Home > American Gods (American Gods #1)(10)

American Gods (American Gods #1)(10)
Author: Neil Gaiman

“You won’t have to,” said Wednesday.

“No,” said Shadow. “I won’t.” He finished the last of the mead. He wondered, suddenly, somewhere in the back of his head, whether the mead was responsible for loosening his tongue. But the words were coming out of him like the water spraying from a broken fire hydrant in summer, and he could not have stopped them if he had tried. “I don’t like you, Mister Wednesday, or whatever your real name may be. We are not friends. I don’t know how you got off that plane without me seeing you, or how you trailed me here. But I’m impressed. You have class. And I’m at a loose end right now. You should know that when we’re done, I’ll be gone. And if you piss me off, I’ll be gone too. Until then, I’ll work for you.”
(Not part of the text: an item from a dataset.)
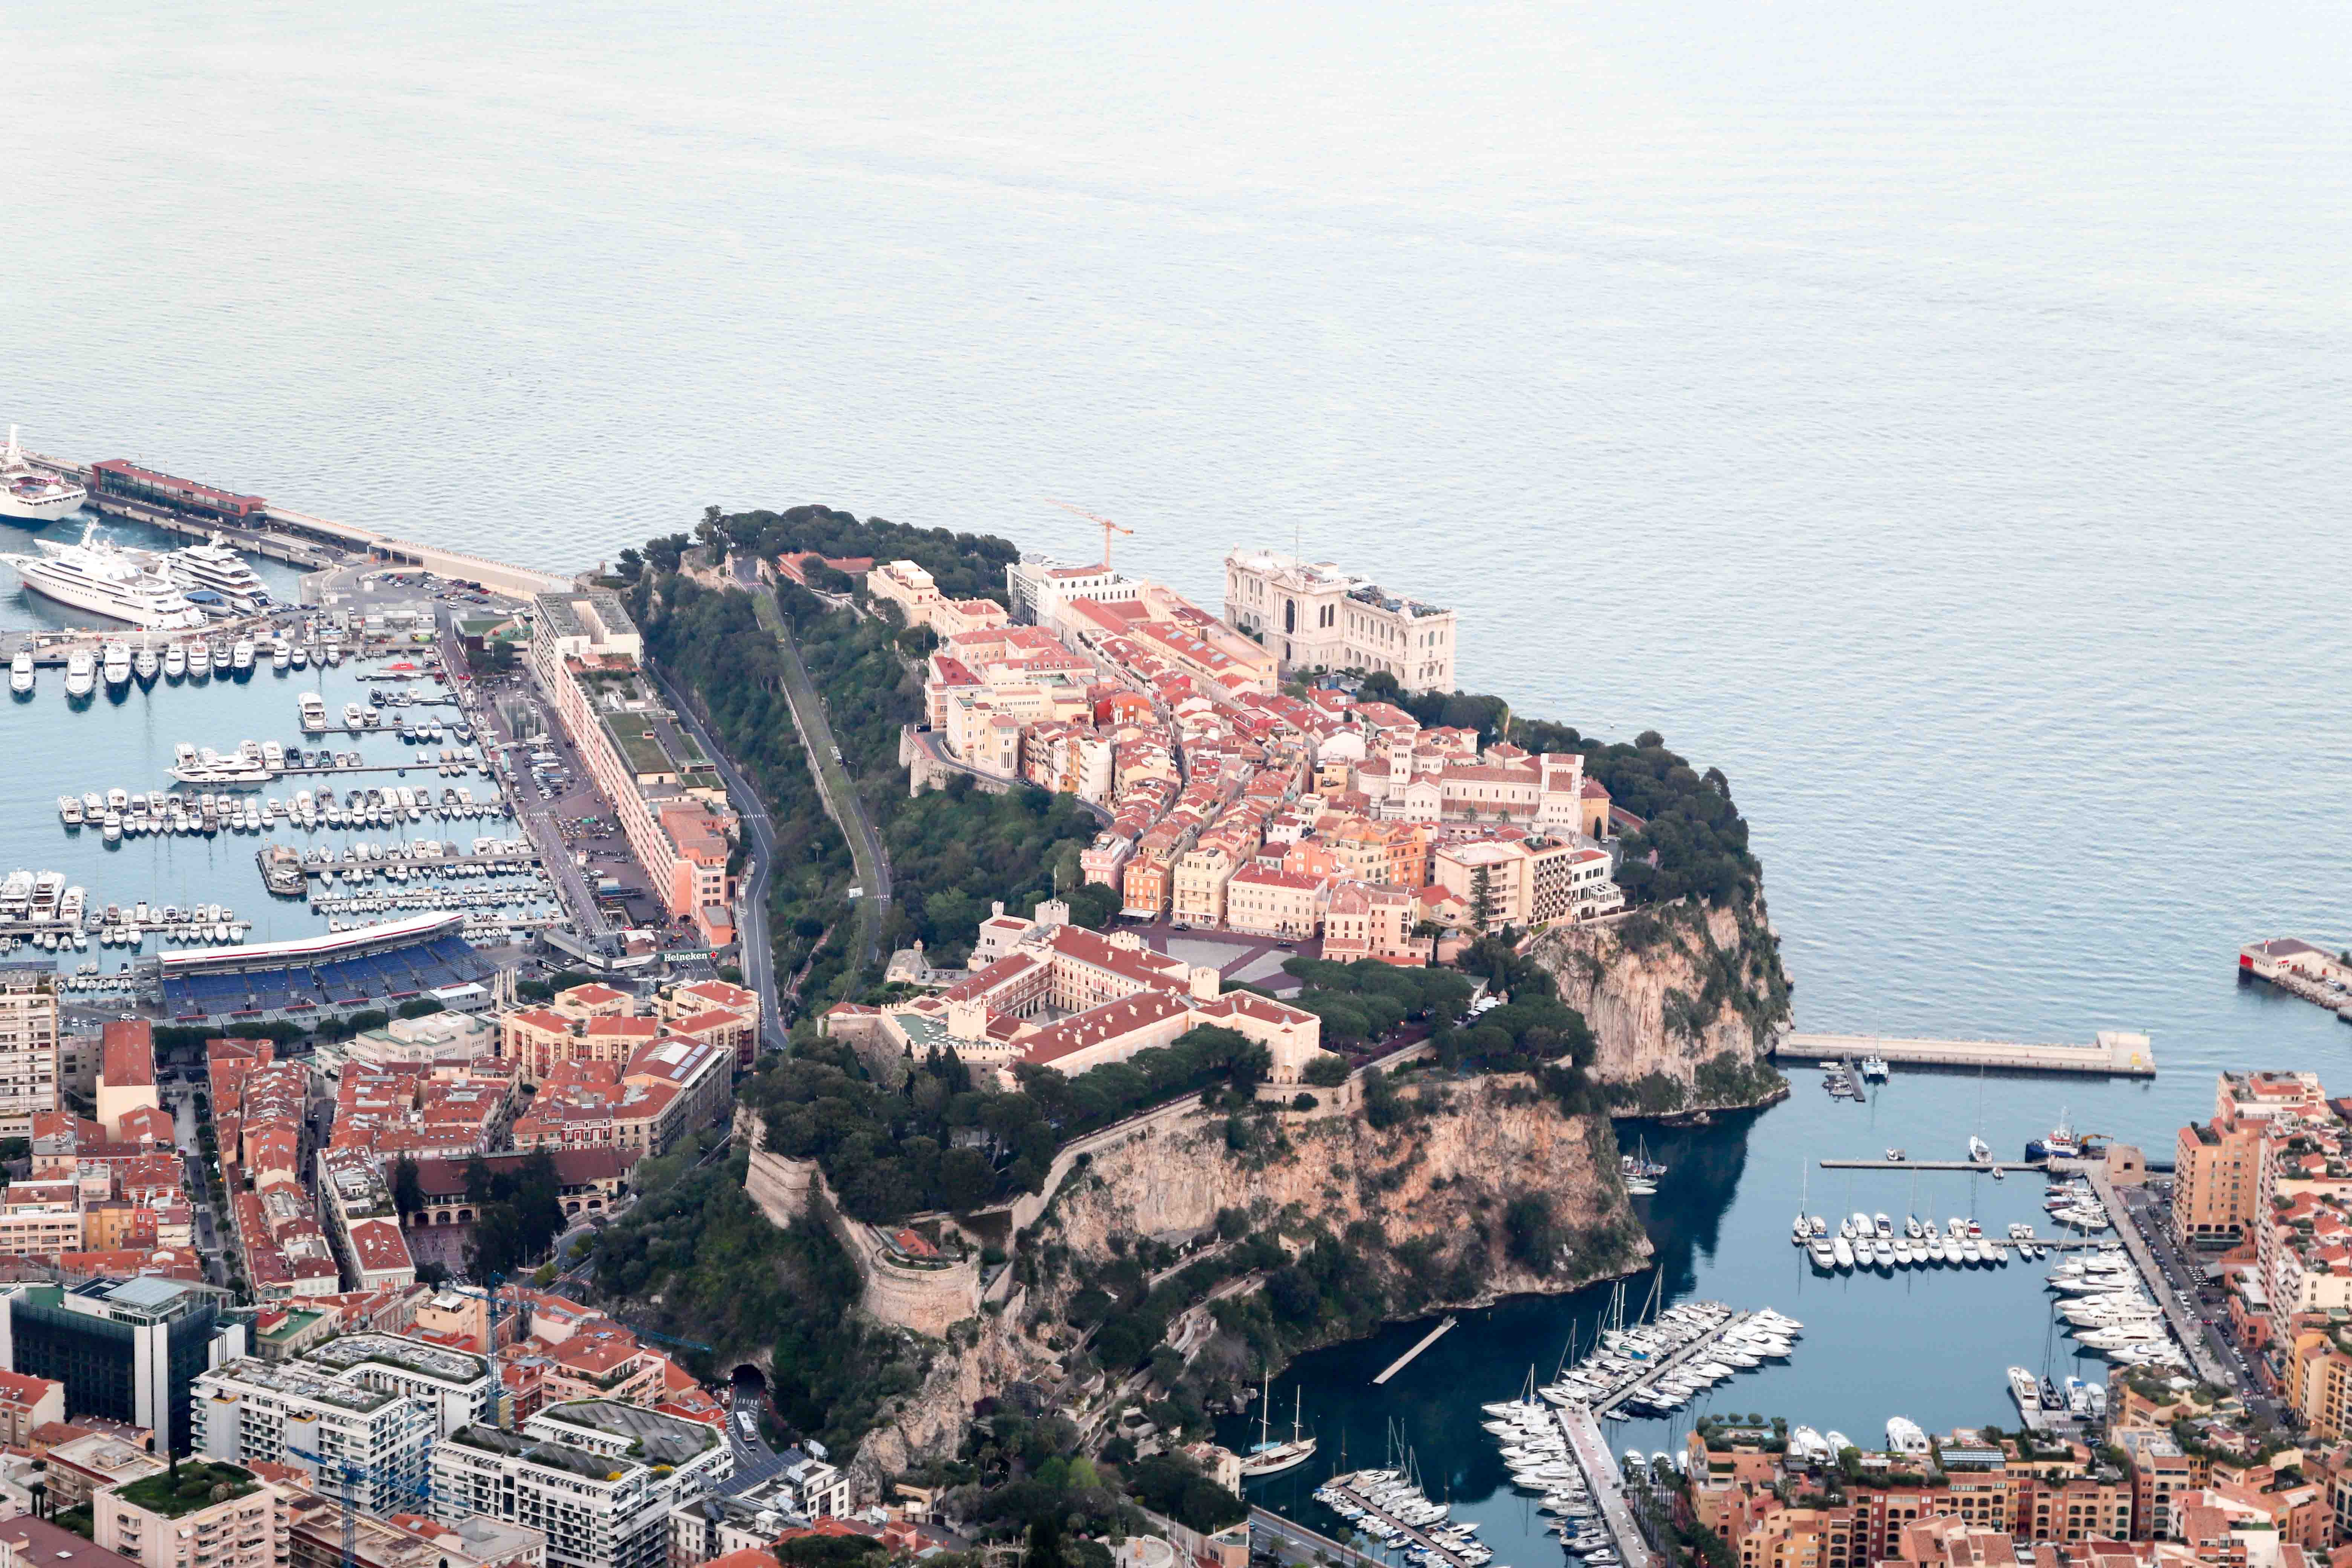 The rocks of Monaco

Wednesday grinned. His smiles were strange things, Shadow decided. They contained no shred of humor, no happiness, no mirth. Wednesday looked like he had learned to smile from a manual.

“Very good,” he said. “Then we have a compact. And we are agreed.”
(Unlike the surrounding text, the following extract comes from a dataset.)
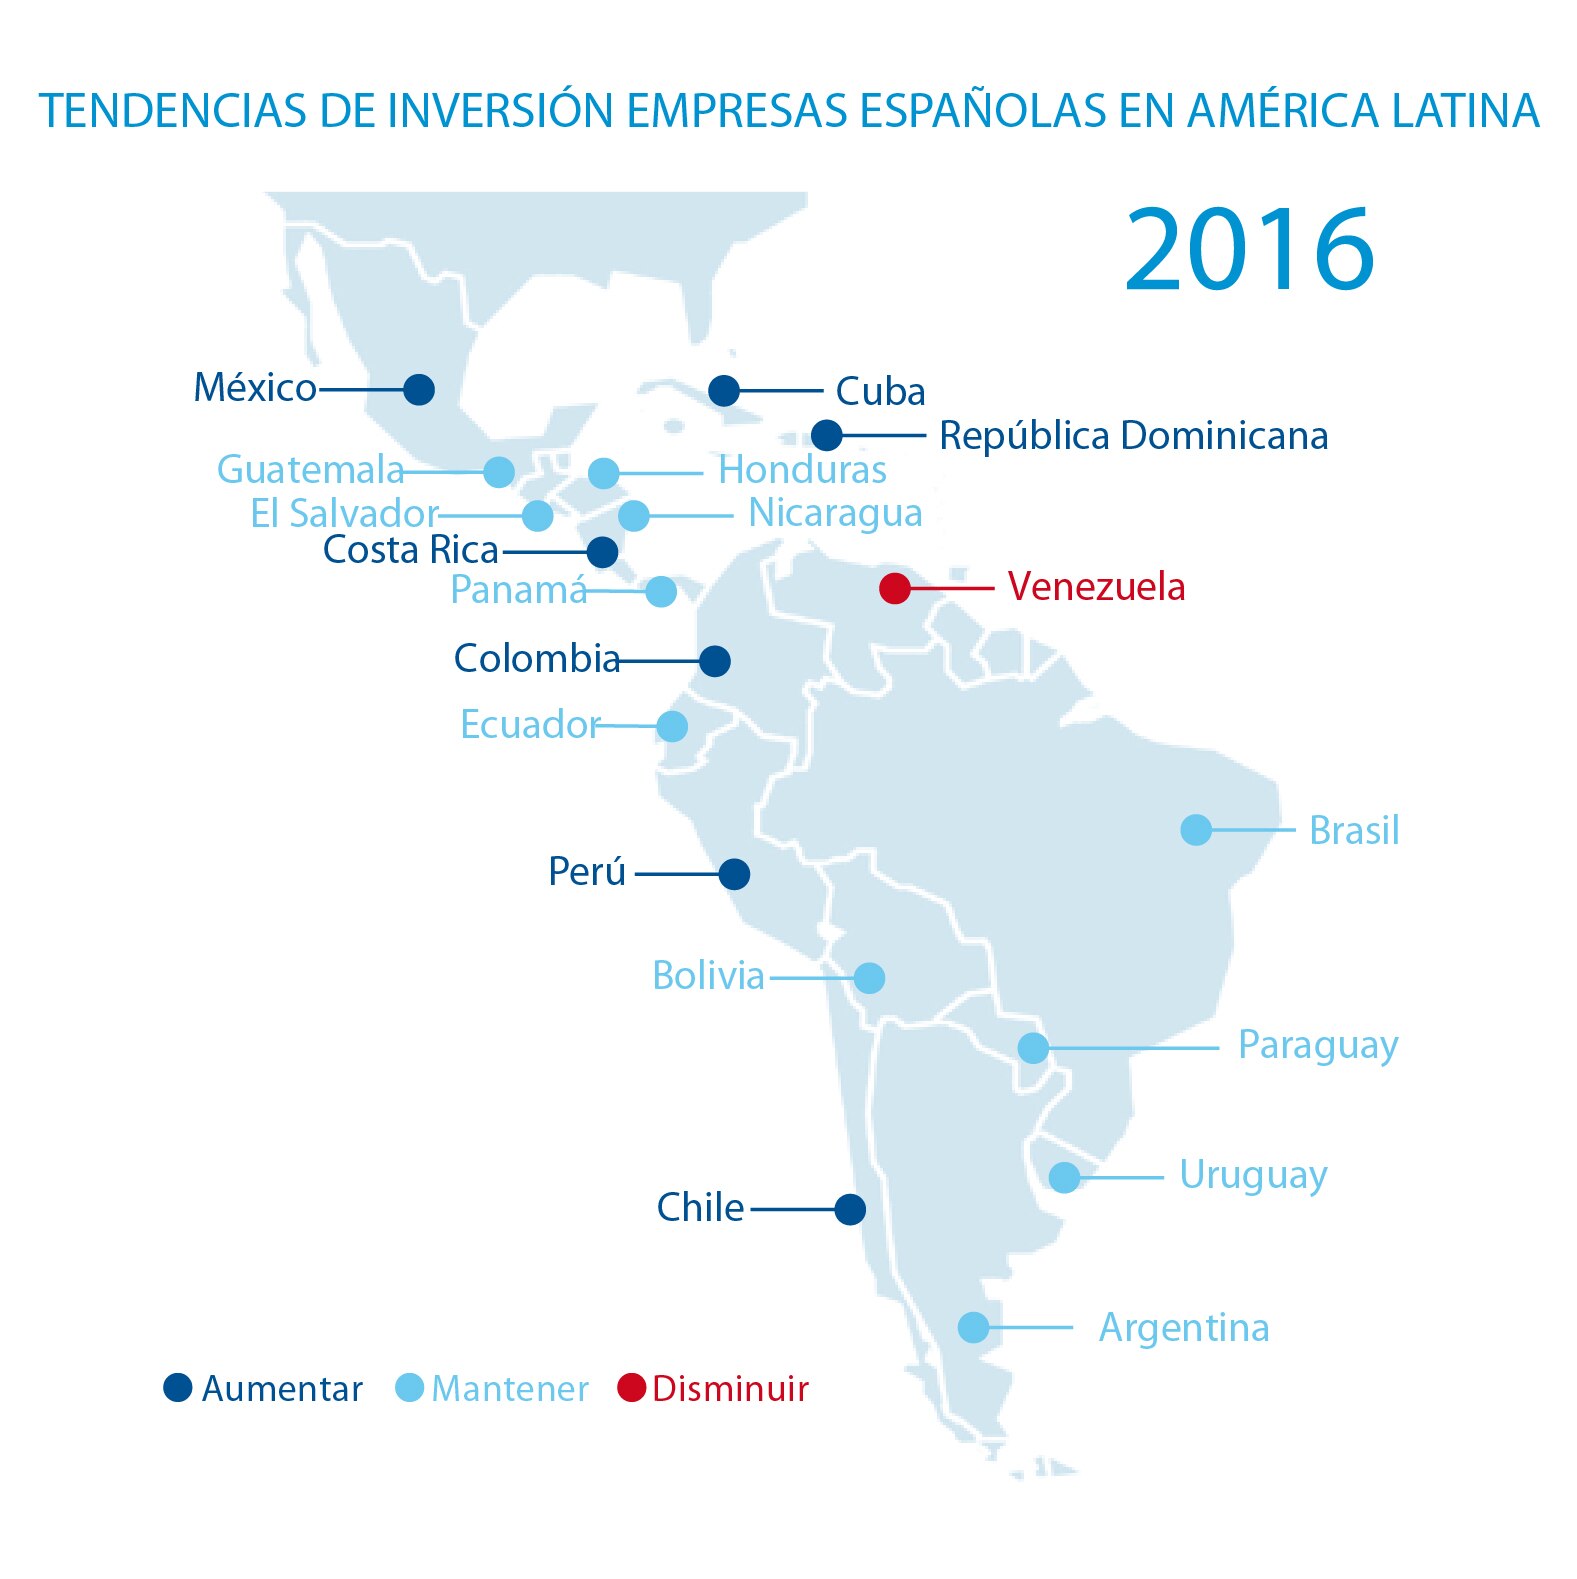 Gráfico tendencias de inversión de empresas españolas en América Latina en 2016

“What the hell,” said Shadow. Across the room, Mad Sweeney was feeding quarters into the jukebox. Wednesday spat in his hand and extended it. Shadow shrugged. He spat in his own palm. They clasped hands. Wednesday began to squeeze. Shadow squeezed back. After a few seconds his hand began to hurt. Wednesday held the grip for another half-minute, and then he let go.

“Good,” he said. “Good. Very good.” He smiled, a brief flash, and Shadow wondered if there had been real humor in that smile, actual pleasure. “So, one last glass of evil, vile fucking mead to seal our deal, and then we are done.”

“It’ll be a Southern Comfort and Coke for me,” said Sweeney, lurching back from the jukebox.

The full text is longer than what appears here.